Al no haber paso, optaron por volver hacia atrás, pero al escuchar las palabras de los extranjeros, se aventuraron por un extenso pasillo, del cual algunas habitaciones estaban entreabiertas, Elías alcanzaba a observar cómo en su interior aparecían cuerpos de sirvientes y guardias asesinados; también como algunas habían sido destruidas completamente o como las llamas comenzaban a consumirlas. Aldrich apretó al niño contra su pecho. — No lo vea mi señor. Agache la cabeza. — Aunque sus palabras sonaban distantes para el joven, quien era incapaz de apartar la vista. Su recorrió termino por llevarlos hasta la cocina, donde uno de los soldados extranjeros revisaba el interior de los cajones.
Aldrich dejo al niño en el suelo y desenfundo su espada ante aquel extraño, quien tomo su hacha sobre una de las mesas para apuntarle al guardia. El hombre era de aspecto extraño, con el rostro repleto de cicatrices, subido de peso y de una sonrisa siniestra, se llevaba un trozo de manaza a la boca, mordiéndola grotescamente. Aldrich lanzo el primer tajo, pero el extranjero dio un paso atrás, levantando su hacha e intento golpearlo, pero el maestro detuvo el golpe con su espada, acercándose lo suficiente para lanzarle una patada en el estómago al extranjero, quien escupió los restos de la manzana junto con la saliva.
El hombre insulto al maestro en su extraña lengua, pero este término atravesando su cuello con su espada, acabando con el hombre. Elías había observado todo con horror, pero Aldrich le hizo una señal de que continuaran caminando, sin darse cuenta, que debió de apoyarse en uno de los estantes, sintiendo como una sensación cálida le recorría la cintura. Haciendo que tuviera que revisar, como una herida en su continuaba sangrando. El maestro se mordió el labio y le ordeno al joven que continuara por la cocina, llegando a la sala que conectaba una pequeña zona de descanso cerca de la despensa, con unas escaleras en forma de caracol que los llevarían hasta los establos.
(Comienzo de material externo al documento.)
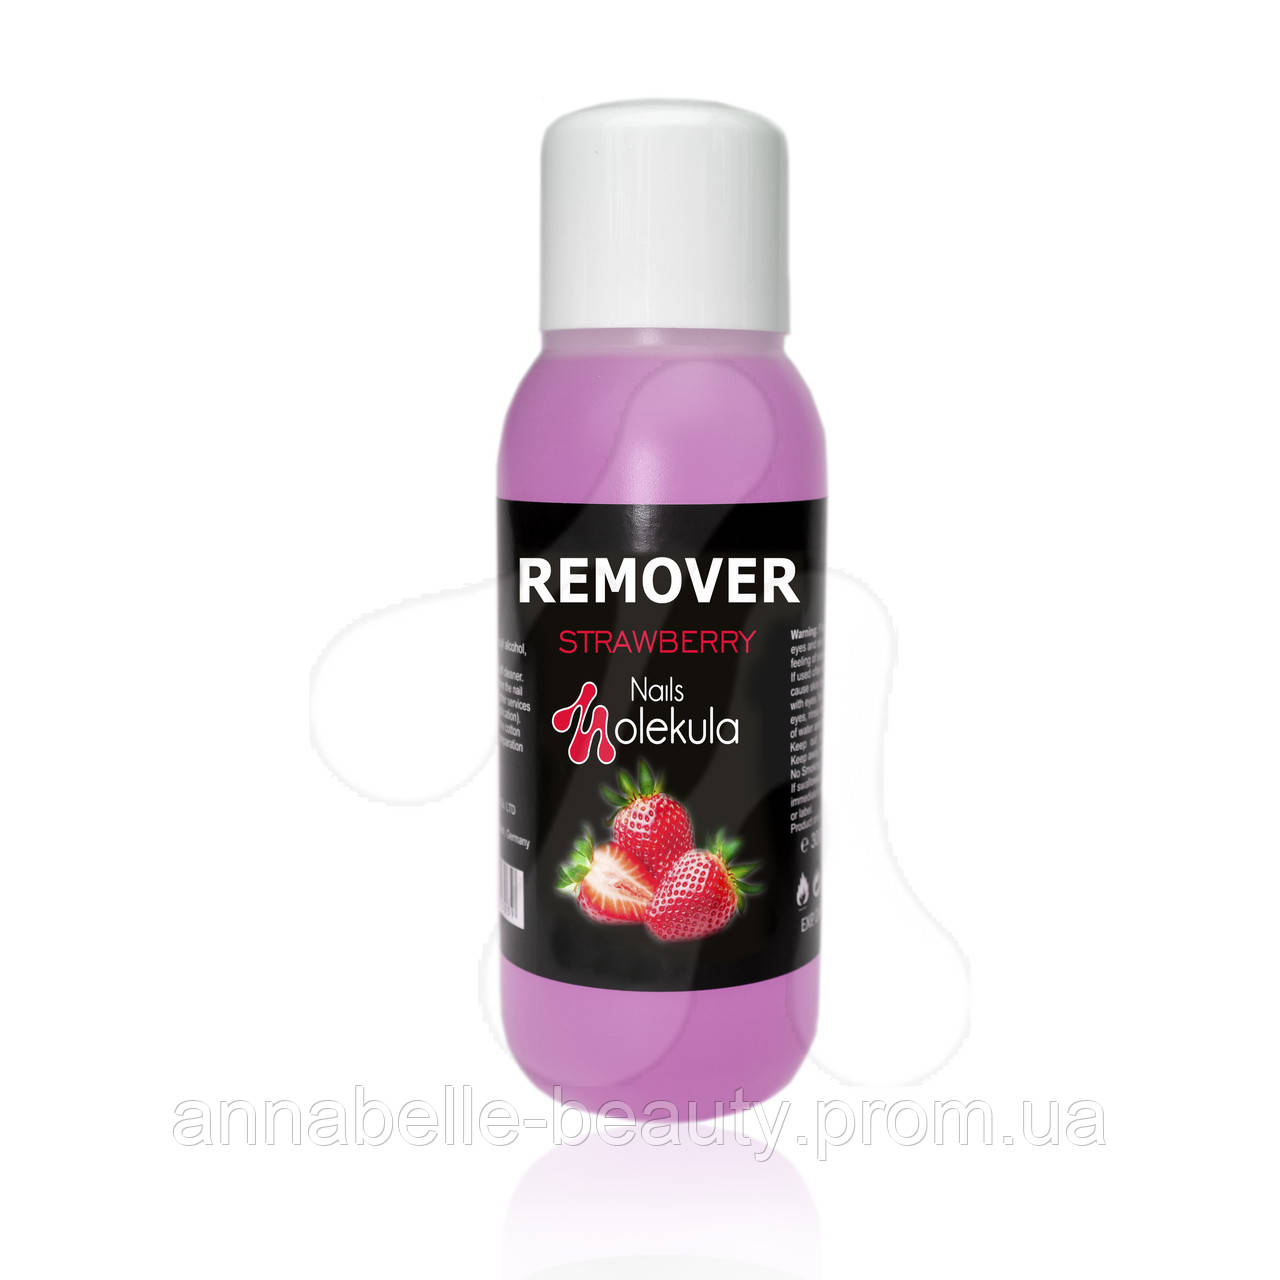 Remover - средство для снятия гель-лака и биогеля 300мл STRAWBERRY (клубника)
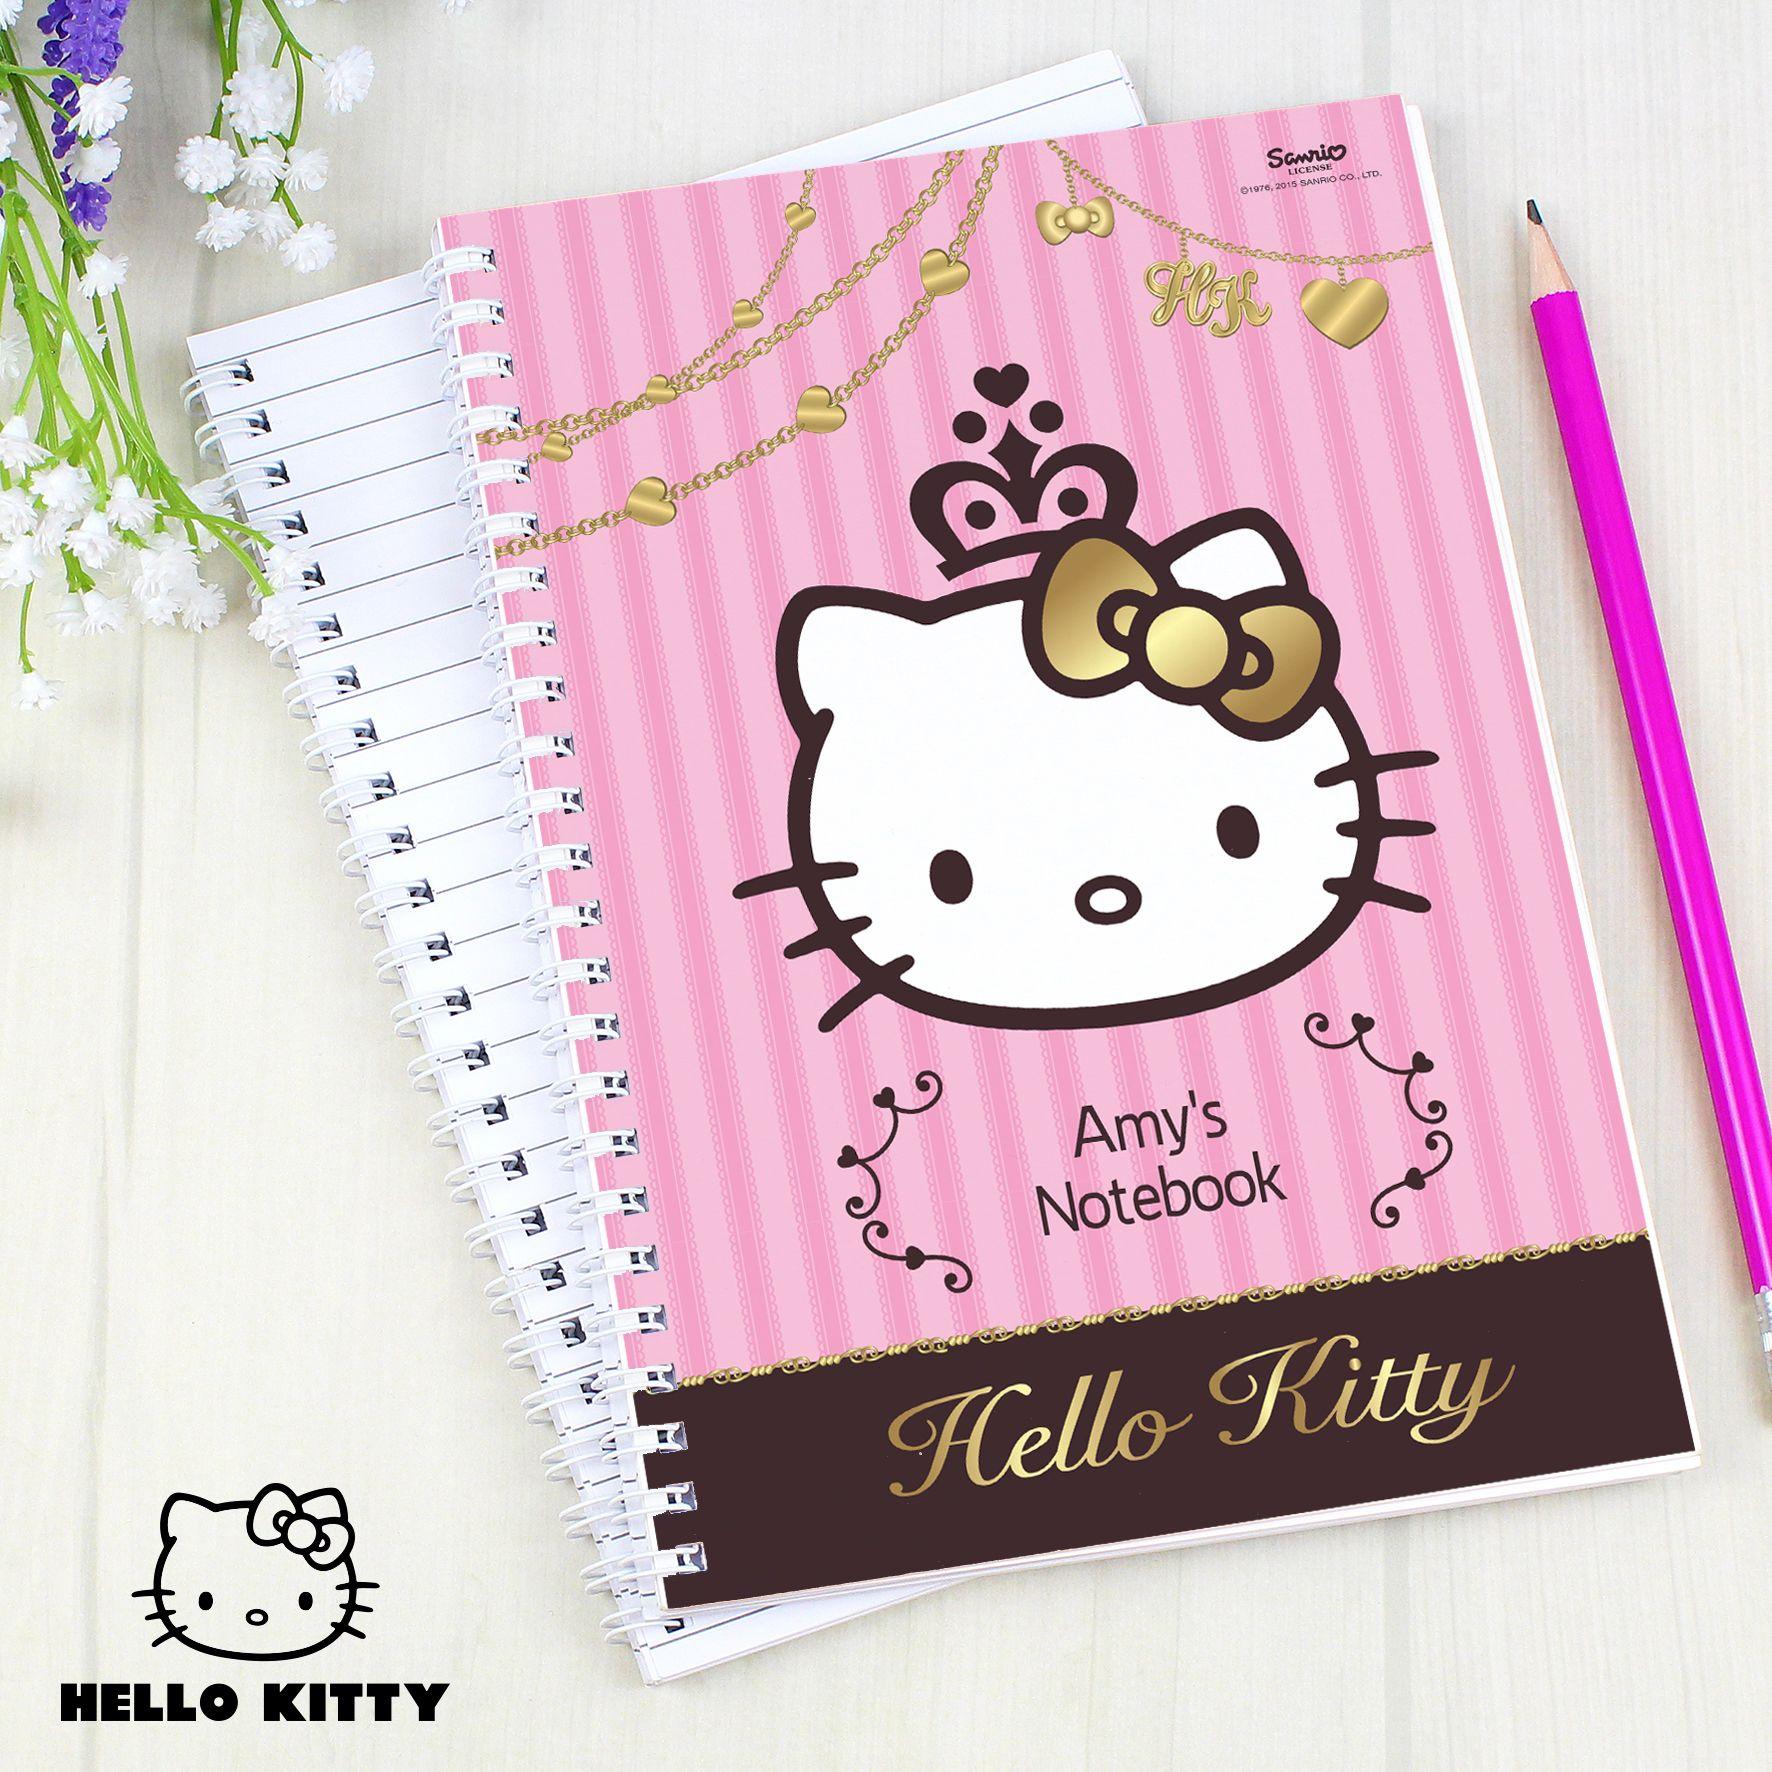 Hello kitty chic notebook

—No hay camino seguro, pero debemos seguir… —jadeaba Aldrich con cada paso que daban por la escalera. —¿Vamos a morir? —pregunto Elías con voz temblorosa. Deteniéndose hasta sentir como el maestro se acercaba para tomarle de la mano. —No si cumplo mi promesa, mi señor — Volvió a hablar el Maestro, cojeando levemente, preguntándose hasta qué punto podría llegar.
No les tomo mucho bajar hasta llegar a la puerta. Pero la oscuridad, el aire caliente y el olor a sangre hacían que fuera difícil avanzar con normalidad. Ante ellos se encontraba una puerta entreabierta, por la cual Aldrich observo el interior de los establos. Había tres caballos amarrados a los postes, cada uno moviéndose de forma nerviosa, no alcanzo a ver el exterior, pero podía escuchar el crepitar de las llamas. — Han entrado. —Susurro el maestro, provocando que el niño le volviera a tomar la mano.
Dudo por un instante, pero ante los ojos del niño, que parecían brillar con una tenue esperanza, hizo que se mordiera el labio y abriera la puerta con cuidado, ambos caminaron agachados; usando el heno y las vallas de madera para evitar que los enemigos los observaran. Alcanzaban a oír gritos y el choque de armas, pero siguieron caminando, en dirección a los caballos que seguían atados al otro extremo, cerca de la entrada. Con cada paso que daban, una leve sensación de esperanza los invadía, pronto dejarían aquel lugar y sus horrores. Hasta que uno de sus hombres termino cayendo sobre ellos, atravesando una de las vallas con una herida en su pecho.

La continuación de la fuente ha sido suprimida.